E.R. Schiffahrt GmbH & Cie. kg was a shipping company with headquarters in Hamburg. It employs around 3,500 staff at sea and on land (as of 2016). In 2018 following acquisition by Zeaborn Group, E.R. Schiffahrt and Rickmers Shipmanagement were combined as Zeaborn Ship Management.

In April 2012, E.R. Schiffahrt joined the United Nations Global Compact. The company hereby undertakes to link social, ecological and economic aspects and to document actively implemented measures as part of an annual progress report. The voluntary commitment to responsible corporate behaviour is focused on ten principles from the fields of human rights, employment standards, environmental protection and the fight against corruption.

In addition, E.R. Schiffahrt is a founding and member of the steering committee of the ‘Container Ship Safety Forum’ (CSSF). The Business-to-Business network was founded in May 2014 in order to increase safety on board, as well as to improve management practices.

Alongside ship management (technical management and crewing), the company offered services in the fields of chartering, new-build planning, modifications and insurance to its customers.

== History ==
The company's roots lie in the foundation in 1992 of Emissionshaus Nordcapital by Erck Rickmers and his brother Bertram Rickmers.
Initially run together, the brothers parted company in 1996, with Erck Rickmers continuing to manage Nordcapital and founding the shipping company E.R. Schiffahrt two years later. The company's first new build was the container ship E.R. Hamburg, brought into service in September 1998 with a capacity of 2,226 TEU.

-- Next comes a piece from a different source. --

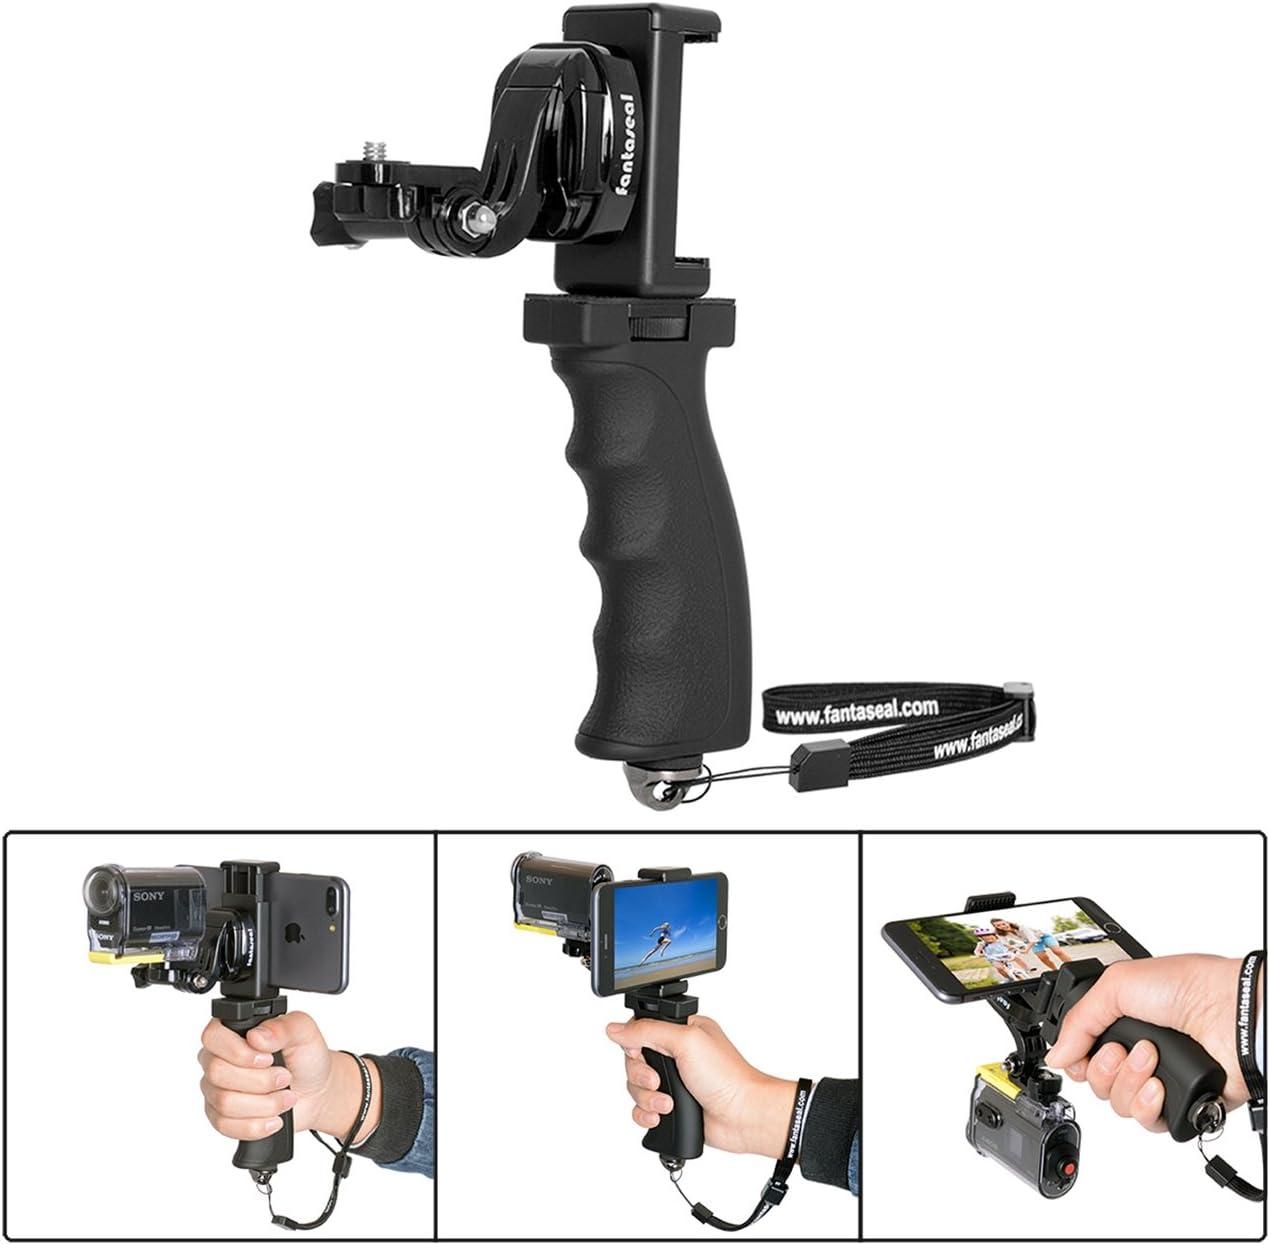 Vertical Shoe Mount Stabilizer Handle FinePix S4050 Pro Video Stabilizing Handle Grip for FujiFilm FinePix S4000
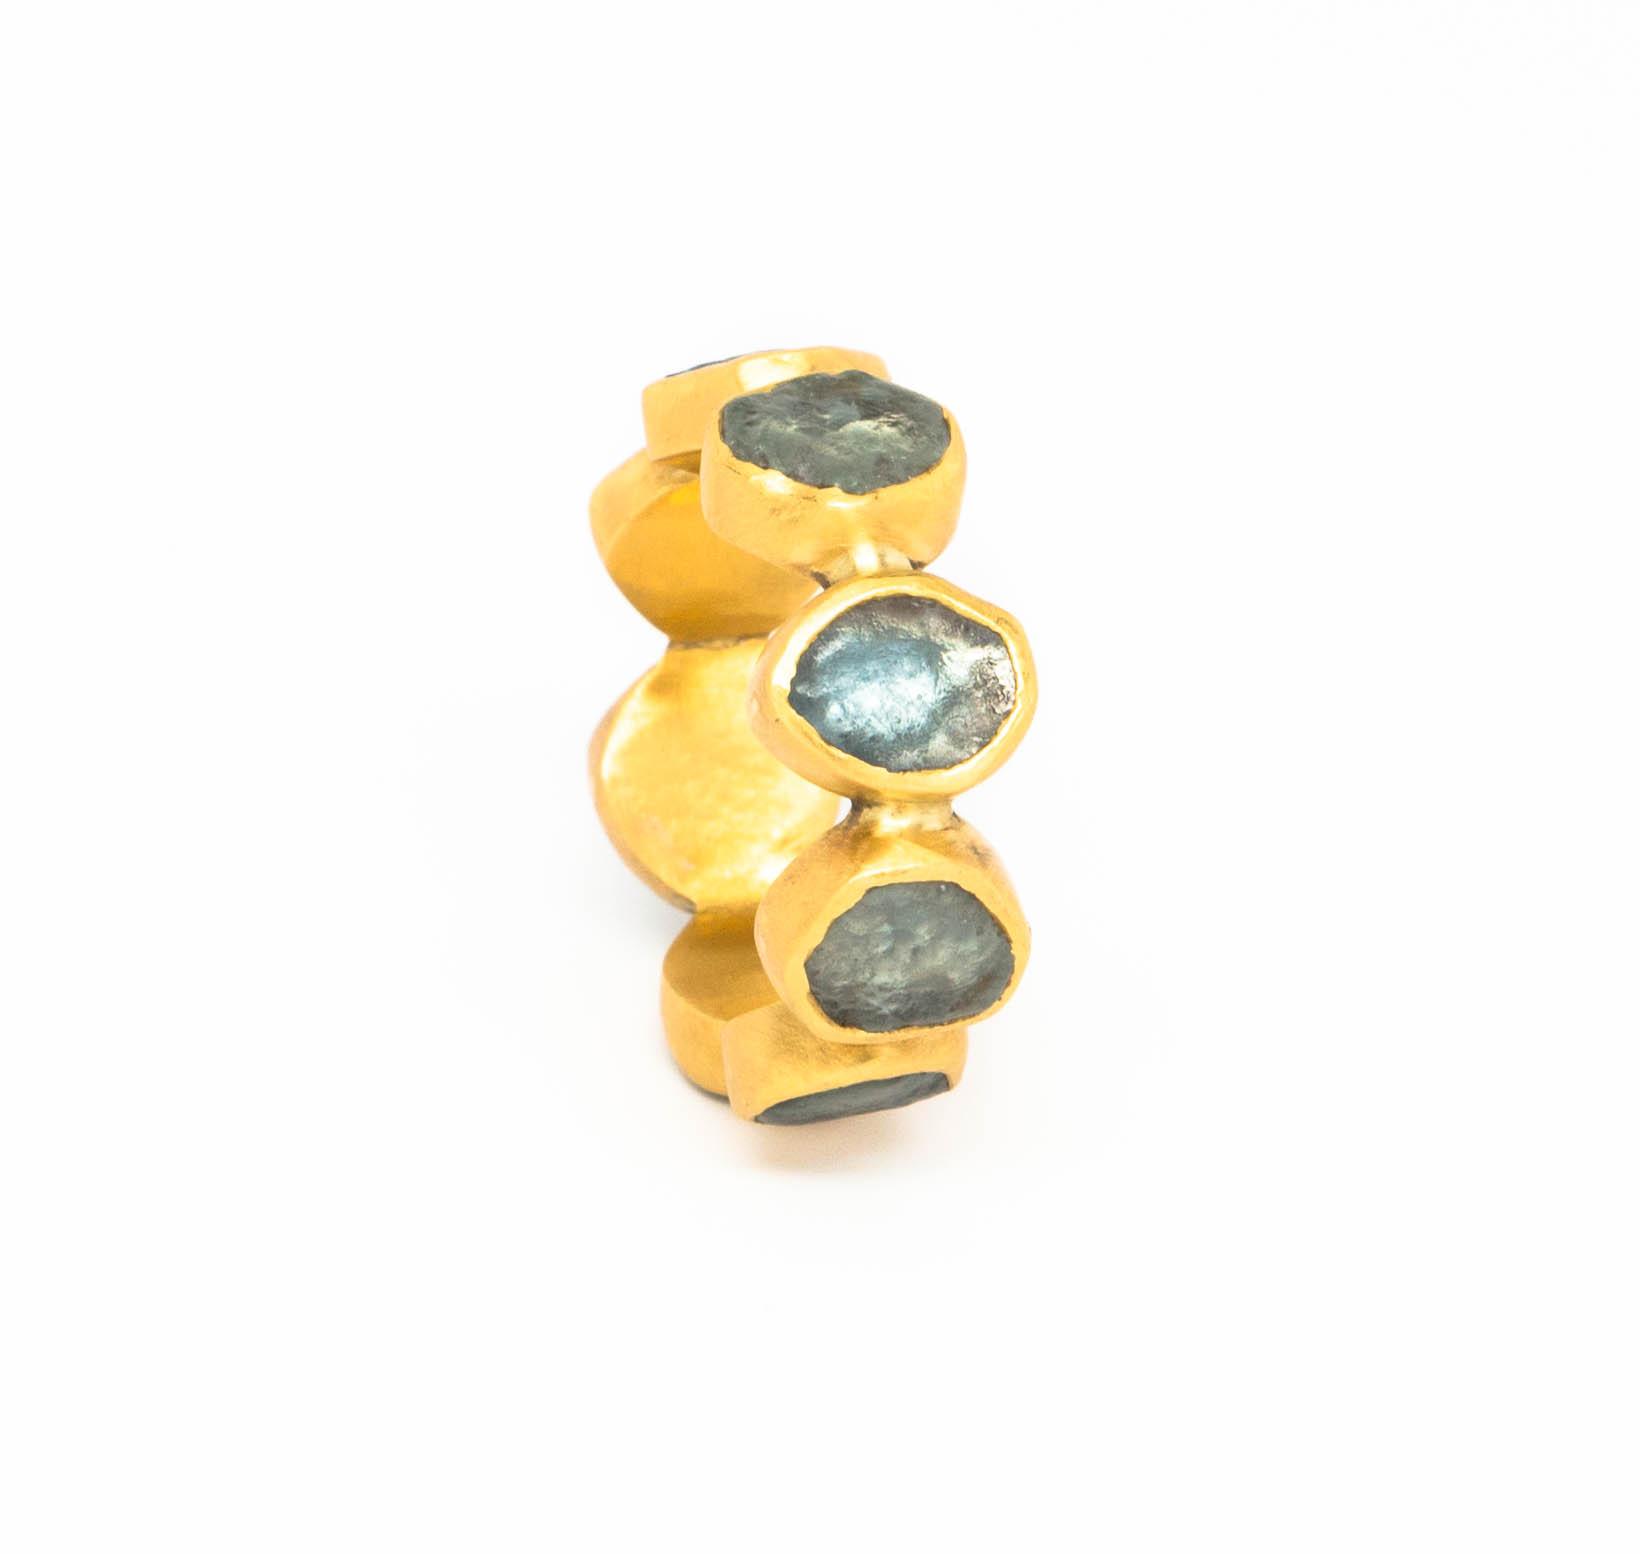 dec21 jewelry5-651.jpg

In the beginning, E.R. Schiffahrt focused on the operation and chartering of container vessels, but from 2006 expanded into operating offshore vessels and Bulk carriers. In January 2008, Erck Rickmers merged shipping companies E.R. Schiffahrt and E.R. Offshore, along with investment company Nordcapital, under the umbrella of E.R. Capital Holding.

In 2012, E.R. Schiffahrt merged with ship management company Komrowski and its subsidiary Blue Star under the umbrella of Blue Star Holding. The umbrella company's capital majority is held by E.R. Capital Holding.

== Fleet ==
E.R. Schiffahrt operated a fleet of more than 90 vessels, among them four Ultra large container ships and more than forty Post-Panamax Class container ships.

== Bibliography ==
Erik Lindner: 175 Jahre Rickmers. Hoffmann und Campe 2009, ISBN 978-3455501117.